Although there were many palettes discovered by archaeologists from the Predynastic and Early Dynastic period of ancient Egypt that were the use of mixing cosmetic powders, one found in Hierkonopolis in Tomb 100 stands as more of a ritual object.The Palette of King Narmer, the first king to rule in Dynasty One and the first king to unite Upper and Lower Egypt, is a highly decorated palette of raised relief and was seen more than just for the sake of protecting the eyes and face with make-up.

Front side of the palette
Although it is still debated, the side with the area for the make-up has been said to be the back side of the pallet. In looking at the front side, it is divided into three registers, which in art are spaces in a work that section off certain content of a work. At the very top, the name of King Narmer is written at the top on both sides, enclosed in a square that is patterned in its lower half. The name itself is written in two hieroglyphs, a catfish and a chisel, which together would literally spell out the name ‘Narmer’. The king’s name is in the form of a serekh used by kings to contain their Horus name, one of the five royal names a king is given. The equation of the top of the palette with the sky is reinforced by the two full-view faces with cow’s ears and horns, for the sky goddesses could be envisaged as a cow (the goddess Hathor).

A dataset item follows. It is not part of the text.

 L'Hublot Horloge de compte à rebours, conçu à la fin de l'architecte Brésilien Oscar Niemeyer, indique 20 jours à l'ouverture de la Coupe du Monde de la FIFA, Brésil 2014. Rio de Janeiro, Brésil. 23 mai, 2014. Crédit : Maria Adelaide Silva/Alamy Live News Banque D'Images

The biggest register on the palette illustrates the king being the dominating figure and the largest (which is called hierarchical scale). Narmer is wearing the white crown of Lower Egypt, standing with one arm raised, holding a mace, while the other hand he grasps the hair of a kneeling prisoner, which is called the smiting position, a stance that will be the standard of kingship in ancient Egyptian iconography for thousands of years to come.

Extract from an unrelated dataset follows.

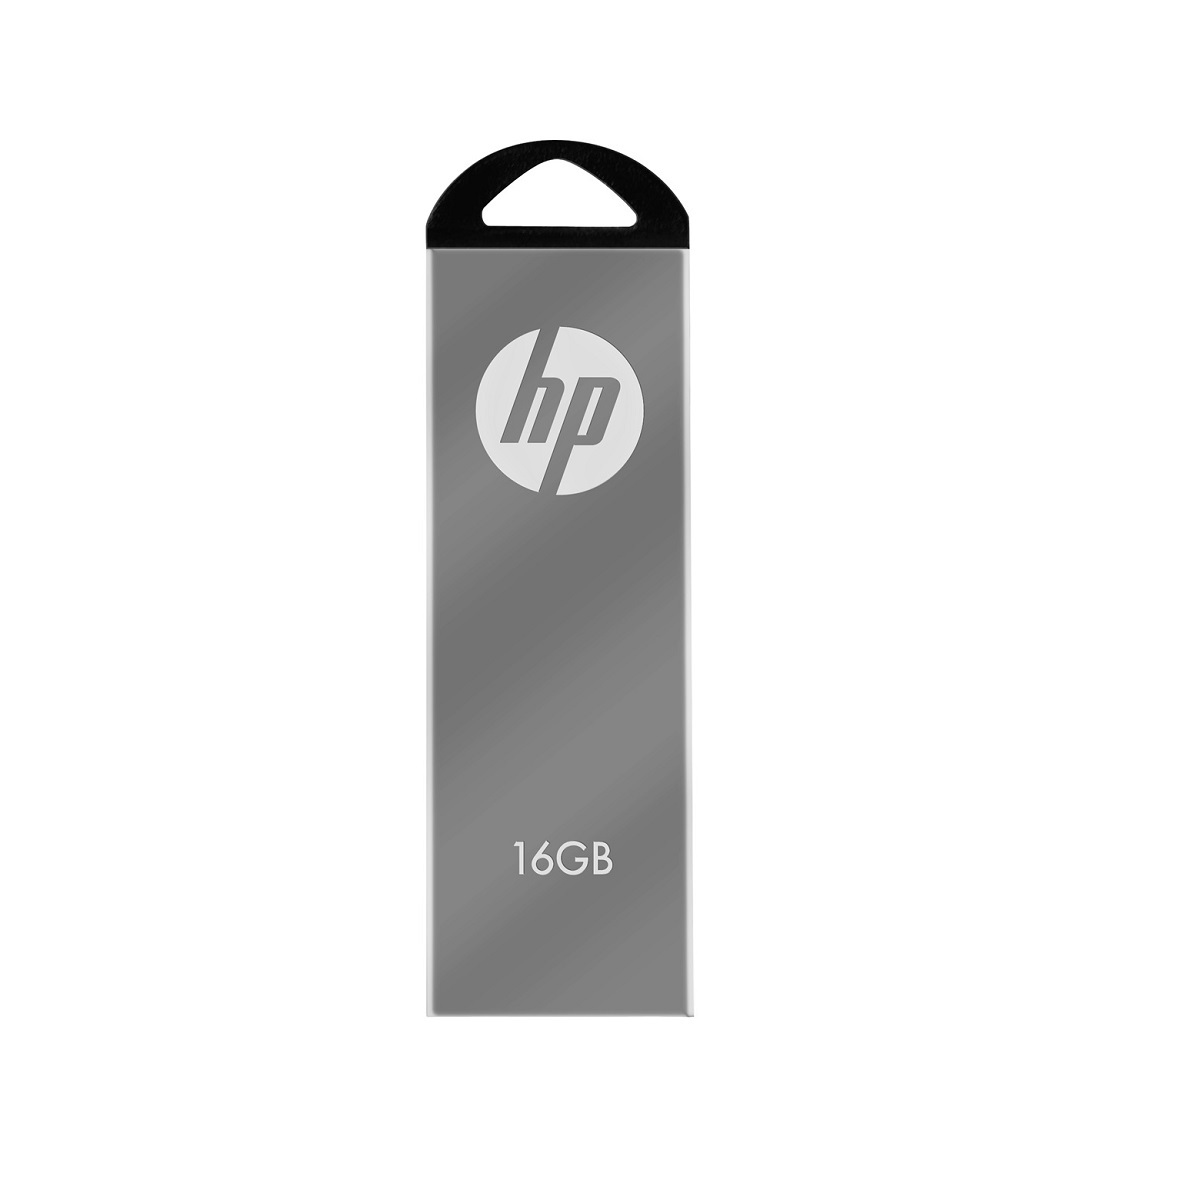 Thẻ nhớ USB HP V220W - 16GB, USB 2.0

To the upper right of the register is a falcon perched on one leg, its talons are grasping a clump of papyrus that grows out of a strip of land terminating in a head. The other leg, ending in a human hand, grasps a rope attached to the nose. The papyrus reed, which grew in the Delta, became the representation of the plant of the north. The head growing out of the land represents the Delta population. The group demonstrates the falcon god dominating the inhabitants of the land where the papyrus grown, the subjugation made explicit by the rope attached to the head and held by the falcon. Behind the king is a much smaller figure on its own baseline, carrying the king’s sandals. The person represented here indicates that he must have been of high rank. Two fallen enemies; shown naked (humiliate opponents); positioned below the register containing the king, these enemies are visually placed beneath his feet.

Back side of the palette
The back side of the famous Narmer palette has four different registers. The very top one is identical to the front side. The figure of the king does not immediately dominate, but his size clearly shows him to be the most important figure in the upper register, where he views two rows of enemy bodies that have been decapitated and their heads placed between their legs. He is again accompanied by his sandal-bearer, and also by another figure wearing long hair and an animal skin. Identified by two hieroglyphs as tjet. Four even smaller standards topped with different emblems.
The central register, and the register containing the circle for the eye makeup, illustrates a symmetrical group of two opposing animals with long neck twisted round one another, each controlled by a rope around it’s neck that is held by a male figure. Similar pairs of animals appear on contemporary Mesopotamian and Iranian cylinder seals and may have influenced the Egyptian composition. The symmetry and balance of the composition and the subjugation of mythical animals that perhaps represent the forces of chaos probably symbolize the order of the cosmos that it is the king’s duty to maintain. The very bottom register of the back side of the pallet shows the king, now in the form of a bull, attacks a walled and fortified town, only part of whose perimeter is shown, and tramples on the naked body of one of his inhabitants. The identification of the king with a bull was to remain a constant theme, and can be seen much later in the Horus names of New Kingdom kings, most of which begin ‘strong bull’.
The Palette of King Narmer is an extraordinary find, not just in its design and iconography, but it also gave archaeologists insight into the first king that united Upper and Lower Egypt. I myself am fascinated with the concept of eye make-up in ancient Egypt, but even I have to know that this palette was created for more than just grinding make-up.
The Narmer Palette can be seen on display in the Egyptian Museum in Cairo, Egypt.